::: Data records
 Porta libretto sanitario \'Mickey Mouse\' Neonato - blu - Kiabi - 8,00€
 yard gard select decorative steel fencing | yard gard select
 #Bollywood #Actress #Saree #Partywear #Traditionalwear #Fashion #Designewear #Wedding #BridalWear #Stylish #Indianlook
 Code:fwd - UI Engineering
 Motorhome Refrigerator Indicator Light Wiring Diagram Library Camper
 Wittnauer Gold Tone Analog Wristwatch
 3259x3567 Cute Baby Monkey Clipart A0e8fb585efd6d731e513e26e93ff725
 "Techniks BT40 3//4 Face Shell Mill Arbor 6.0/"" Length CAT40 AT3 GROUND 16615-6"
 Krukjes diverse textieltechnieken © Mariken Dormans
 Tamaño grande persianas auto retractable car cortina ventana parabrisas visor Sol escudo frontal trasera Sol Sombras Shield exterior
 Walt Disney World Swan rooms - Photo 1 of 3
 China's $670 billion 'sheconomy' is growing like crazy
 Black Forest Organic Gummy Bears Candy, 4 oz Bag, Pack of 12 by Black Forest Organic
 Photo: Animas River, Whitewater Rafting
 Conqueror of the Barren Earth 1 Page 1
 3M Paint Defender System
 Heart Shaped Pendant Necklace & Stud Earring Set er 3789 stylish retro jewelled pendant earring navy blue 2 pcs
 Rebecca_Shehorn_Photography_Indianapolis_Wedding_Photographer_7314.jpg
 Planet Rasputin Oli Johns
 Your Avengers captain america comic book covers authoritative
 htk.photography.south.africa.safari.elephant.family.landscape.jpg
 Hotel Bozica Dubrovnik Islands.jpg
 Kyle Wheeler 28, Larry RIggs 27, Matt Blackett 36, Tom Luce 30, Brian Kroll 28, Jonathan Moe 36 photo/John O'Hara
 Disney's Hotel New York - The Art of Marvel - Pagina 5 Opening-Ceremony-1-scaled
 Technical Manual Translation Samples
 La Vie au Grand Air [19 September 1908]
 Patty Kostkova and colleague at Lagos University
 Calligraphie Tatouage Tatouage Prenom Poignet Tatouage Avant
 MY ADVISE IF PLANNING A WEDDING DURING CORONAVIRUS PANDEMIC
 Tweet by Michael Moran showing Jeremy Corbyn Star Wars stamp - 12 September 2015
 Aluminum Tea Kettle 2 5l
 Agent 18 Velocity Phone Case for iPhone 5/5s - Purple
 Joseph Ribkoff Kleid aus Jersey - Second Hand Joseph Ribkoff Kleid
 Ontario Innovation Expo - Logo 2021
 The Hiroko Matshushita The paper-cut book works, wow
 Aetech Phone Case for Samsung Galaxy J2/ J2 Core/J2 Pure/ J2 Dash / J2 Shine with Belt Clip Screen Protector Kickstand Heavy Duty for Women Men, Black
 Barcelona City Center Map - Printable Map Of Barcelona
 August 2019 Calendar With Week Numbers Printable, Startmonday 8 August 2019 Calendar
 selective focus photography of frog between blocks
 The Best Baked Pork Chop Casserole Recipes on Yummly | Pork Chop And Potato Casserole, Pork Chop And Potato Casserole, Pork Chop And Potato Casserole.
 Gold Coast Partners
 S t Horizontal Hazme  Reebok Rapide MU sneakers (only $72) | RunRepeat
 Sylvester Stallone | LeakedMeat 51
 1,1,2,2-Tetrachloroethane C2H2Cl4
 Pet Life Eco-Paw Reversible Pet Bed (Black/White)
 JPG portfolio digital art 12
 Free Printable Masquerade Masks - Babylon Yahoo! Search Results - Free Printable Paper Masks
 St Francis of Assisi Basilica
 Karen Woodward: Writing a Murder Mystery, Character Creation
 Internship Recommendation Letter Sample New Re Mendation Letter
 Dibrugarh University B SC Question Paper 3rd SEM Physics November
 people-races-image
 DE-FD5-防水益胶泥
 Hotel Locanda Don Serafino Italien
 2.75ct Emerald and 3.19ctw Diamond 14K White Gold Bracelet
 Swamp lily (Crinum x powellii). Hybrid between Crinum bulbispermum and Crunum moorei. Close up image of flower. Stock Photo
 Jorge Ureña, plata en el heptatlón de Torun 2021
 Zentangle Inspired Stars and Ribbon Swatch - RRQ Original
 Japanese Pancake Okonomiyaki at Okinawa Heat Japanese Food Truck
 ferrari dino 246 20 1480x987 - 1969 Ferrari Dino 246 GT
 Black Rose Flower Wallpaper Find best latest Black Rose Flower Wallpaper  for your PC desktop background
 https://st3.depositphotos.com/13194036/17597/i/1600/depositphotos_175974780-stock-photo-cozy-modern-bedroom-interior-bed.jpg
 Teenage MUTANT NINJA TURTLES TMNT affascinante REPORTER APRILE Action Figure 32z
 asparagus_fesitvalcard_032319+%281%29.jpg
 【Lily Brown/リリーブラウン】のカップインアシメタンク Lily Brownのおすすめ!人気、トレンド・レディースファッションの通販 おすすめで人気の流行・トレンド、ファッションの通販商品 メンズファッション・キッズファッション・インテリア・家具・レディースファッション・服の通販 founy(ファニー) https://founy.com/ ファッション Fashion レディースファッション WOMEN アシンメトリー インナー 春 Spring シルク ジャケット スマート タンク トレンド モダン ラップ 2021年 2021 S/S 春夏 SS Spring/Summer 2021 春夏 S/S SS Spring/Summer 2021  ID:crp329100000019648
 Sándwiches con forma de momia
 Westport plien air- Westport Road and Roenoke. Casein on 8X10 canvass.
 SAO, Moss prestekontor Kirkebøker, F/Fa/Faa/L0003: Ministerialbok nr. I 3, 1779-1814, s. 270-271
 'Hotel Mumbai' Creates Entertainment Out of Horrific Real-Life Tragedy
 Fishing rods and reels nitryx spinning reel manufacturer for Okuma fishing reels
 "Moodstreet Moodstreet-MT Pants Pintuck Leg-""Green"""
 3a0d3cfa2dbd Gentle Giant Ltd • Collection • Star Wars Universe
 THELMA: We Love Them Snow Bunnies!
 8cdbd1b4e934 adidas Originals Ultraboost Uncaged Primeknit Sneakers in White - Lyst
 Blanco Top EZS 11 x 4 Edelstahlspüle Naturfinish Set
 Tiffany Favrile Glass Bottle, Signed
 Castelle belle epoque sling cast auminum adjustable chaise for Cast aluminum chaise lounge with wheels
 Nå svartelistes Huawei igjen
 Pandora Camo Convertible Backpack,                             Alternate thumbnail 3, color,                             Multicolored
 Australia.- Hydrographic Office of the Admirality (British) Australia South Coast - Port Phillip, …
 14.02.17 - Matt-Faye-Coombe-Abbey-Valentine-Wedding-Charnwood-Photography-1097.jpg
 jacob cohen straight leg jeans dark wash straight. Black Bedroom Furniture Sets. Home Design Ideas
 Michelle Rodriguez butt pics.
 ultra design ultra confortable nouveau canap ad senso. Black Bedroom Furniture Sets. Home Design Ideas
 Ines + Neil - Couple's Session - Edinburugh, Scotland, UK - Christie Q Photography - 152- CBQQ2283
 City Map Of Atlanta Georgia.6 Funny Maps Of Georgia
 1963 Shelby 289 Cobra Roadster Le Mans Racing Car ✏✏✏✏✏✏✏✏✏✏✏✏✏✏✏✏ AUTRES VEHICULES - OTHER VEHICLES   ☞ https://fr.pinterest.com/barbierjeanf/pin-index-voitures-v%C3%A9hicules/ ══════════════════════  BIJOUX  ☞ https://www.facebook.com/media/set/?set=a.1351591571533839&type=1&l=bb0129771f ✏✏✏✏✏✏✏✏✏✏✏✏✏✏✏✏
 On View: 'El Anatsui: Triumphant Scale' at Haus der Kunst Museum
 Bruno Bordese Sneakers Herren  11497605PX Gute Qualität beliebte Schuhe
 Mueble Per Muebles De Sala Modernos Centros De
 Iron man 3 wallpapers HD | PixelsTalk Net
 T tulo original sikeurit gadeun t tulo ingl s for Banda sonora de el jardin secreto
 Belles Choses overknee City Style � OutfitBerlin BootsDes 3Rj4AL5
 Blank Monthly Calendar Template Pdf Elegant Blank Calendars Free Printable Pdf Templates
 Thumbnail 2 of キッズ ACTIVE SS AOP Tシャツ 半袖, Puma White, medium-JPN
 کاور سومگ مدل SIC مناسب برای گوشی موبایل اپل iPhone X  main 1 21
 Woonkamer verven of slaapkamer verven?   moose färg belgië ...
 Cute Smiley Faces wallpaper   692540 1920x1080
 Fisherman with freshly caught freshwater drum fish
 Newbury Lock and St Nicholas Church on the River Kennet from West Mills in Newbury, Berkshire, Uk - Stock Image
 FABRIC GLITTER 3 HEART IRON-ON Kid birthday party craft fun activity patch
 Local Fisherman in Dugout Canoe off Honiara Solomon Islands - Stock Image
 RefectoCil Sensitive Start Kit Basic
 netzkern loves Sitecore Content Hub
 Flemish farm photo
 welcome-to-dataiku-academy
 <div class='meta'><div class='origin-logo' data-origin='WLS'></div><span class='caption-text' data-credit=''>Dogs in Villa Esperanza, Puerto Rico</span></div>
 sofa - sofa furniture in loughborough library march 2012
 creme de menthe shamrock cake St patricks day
::::::
In the entries above, one line contains "DE-FD5-防水益胶泥" and another contains "Jorge Ureña, plata". Reproduce exactly those two lines and the lines between them, nothing else.

Answer section.
 DE-FD5-防水益胶泥
 Hotel Locanda Don Serafino Italien
 2.75ct Emerald and 3.19ctw Diamond 14K White Gold Bracelet
 Swamp lily (Crinum x powellii). Hybrid between Crinum bulbispermum and Crunum moorei. Close up image of flower. Stock Photo
 Jorge Ureña, plata en el heptatlón de Torun 2021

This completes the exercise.